▶ _To do_: Apart from pictures, transcribe exactly each line from the one containing "Jovencita japonesa en" through the final line of the listing below.

───── Material provided

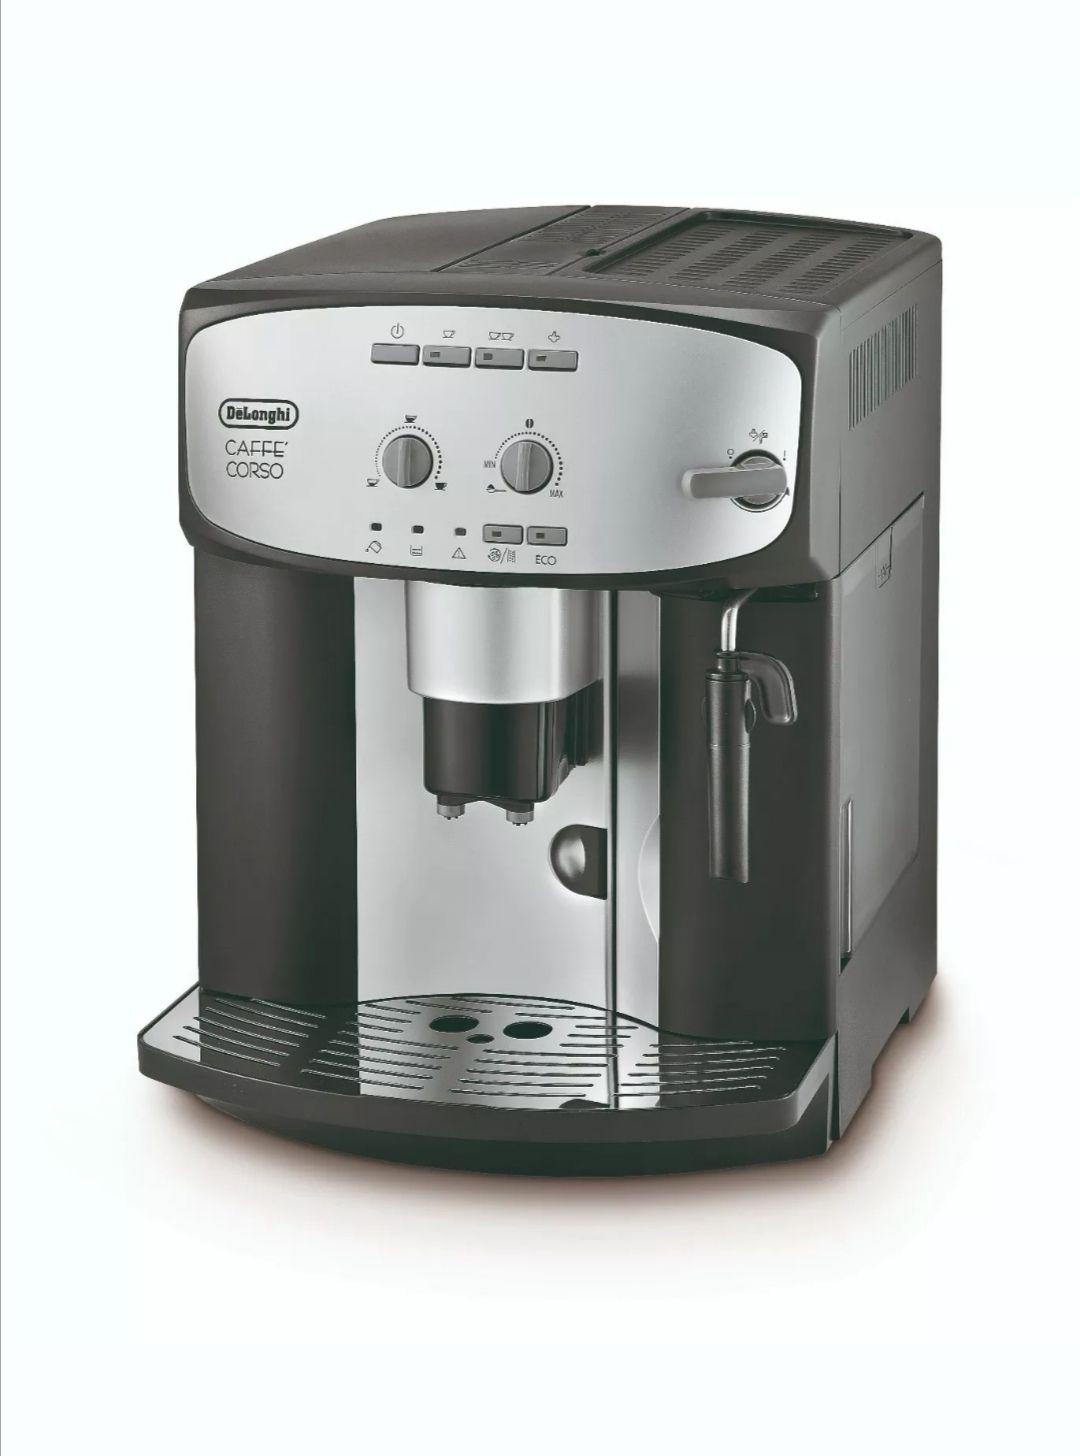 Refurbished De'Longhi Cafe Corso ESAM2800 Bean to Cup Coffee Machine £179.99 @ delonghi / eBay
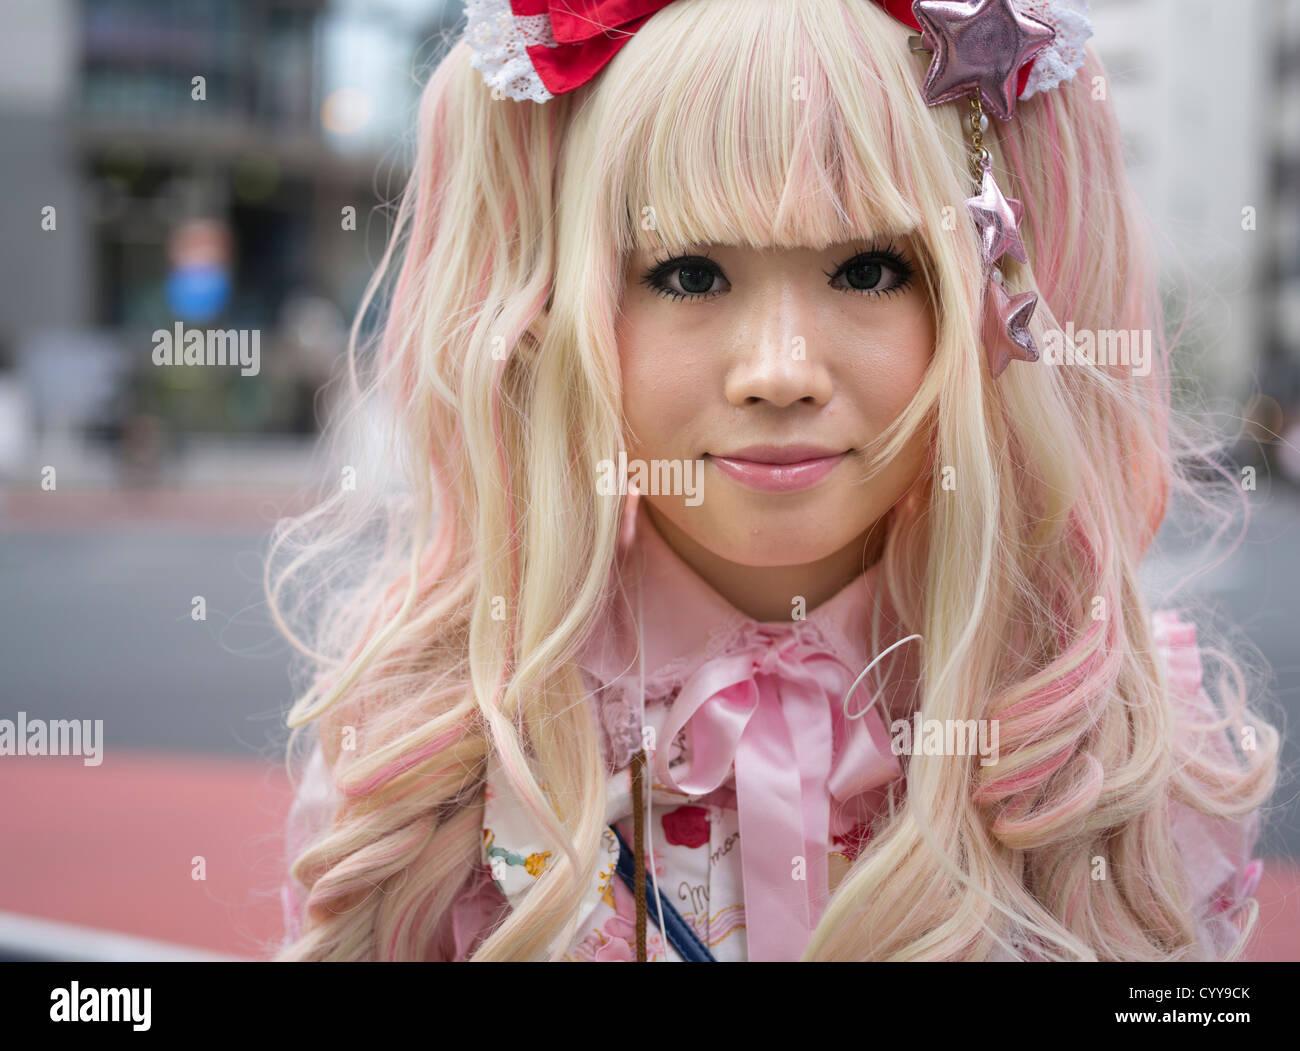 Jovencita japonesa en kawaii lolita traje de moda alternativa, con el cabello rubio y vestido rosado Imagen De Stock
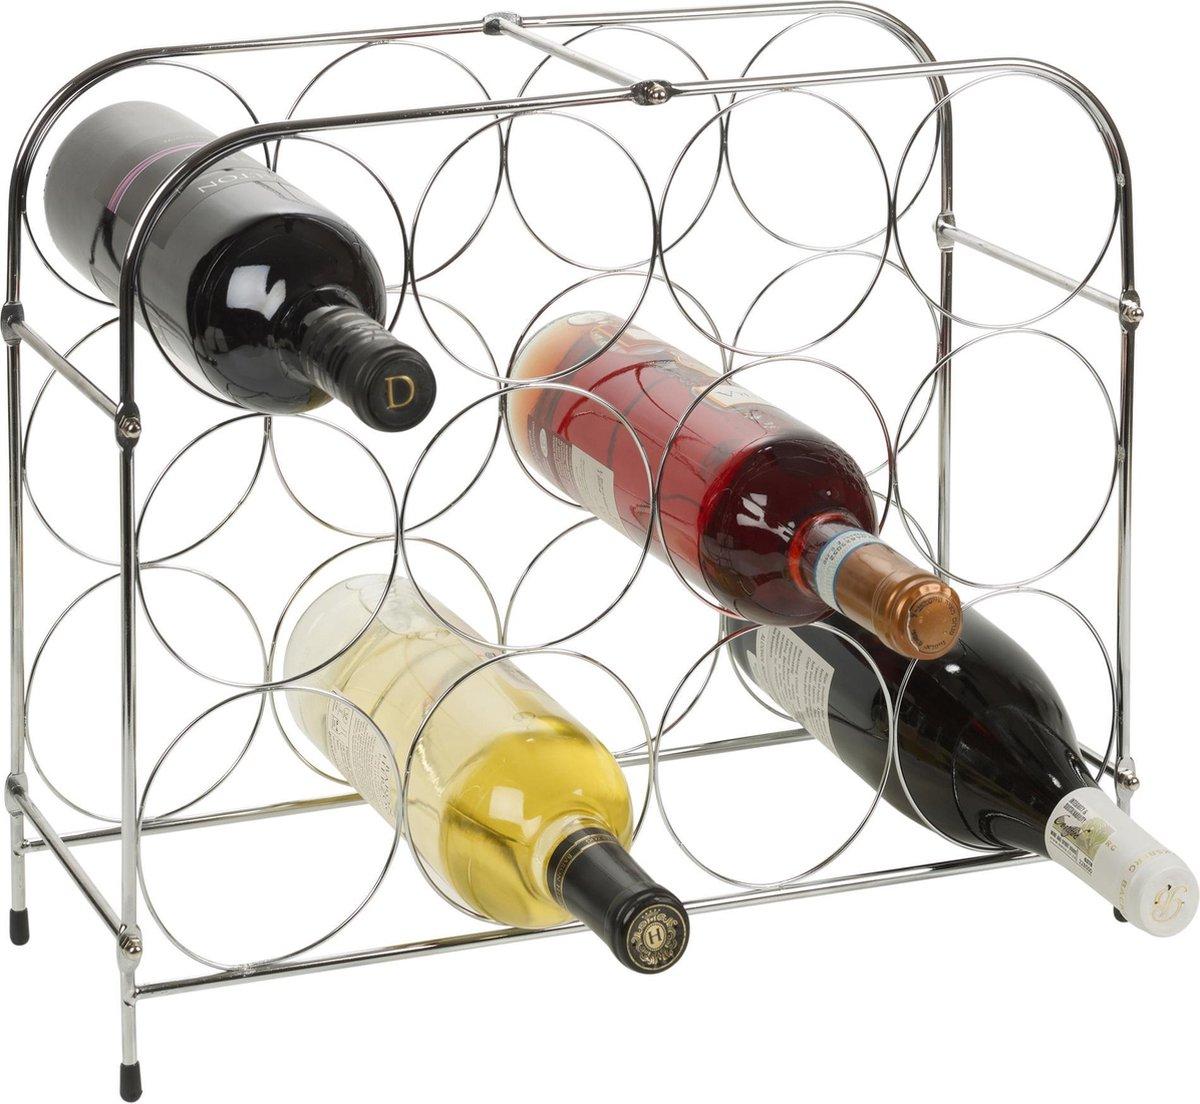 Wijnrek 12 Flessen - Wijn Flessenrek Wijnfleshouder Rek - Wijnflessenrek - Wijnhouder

──────────

▶ _Answer to the problem_:
 Jovencita japonesa en kawaii lolita traje de moda alternativa, con el cabello rubio y vestido rosado Imagen De Stock
 Wijnrek 12 Flessen - Wijn Flessenrek Wijnfleshouder Rek - Wijnflessenrek - Wijnhouder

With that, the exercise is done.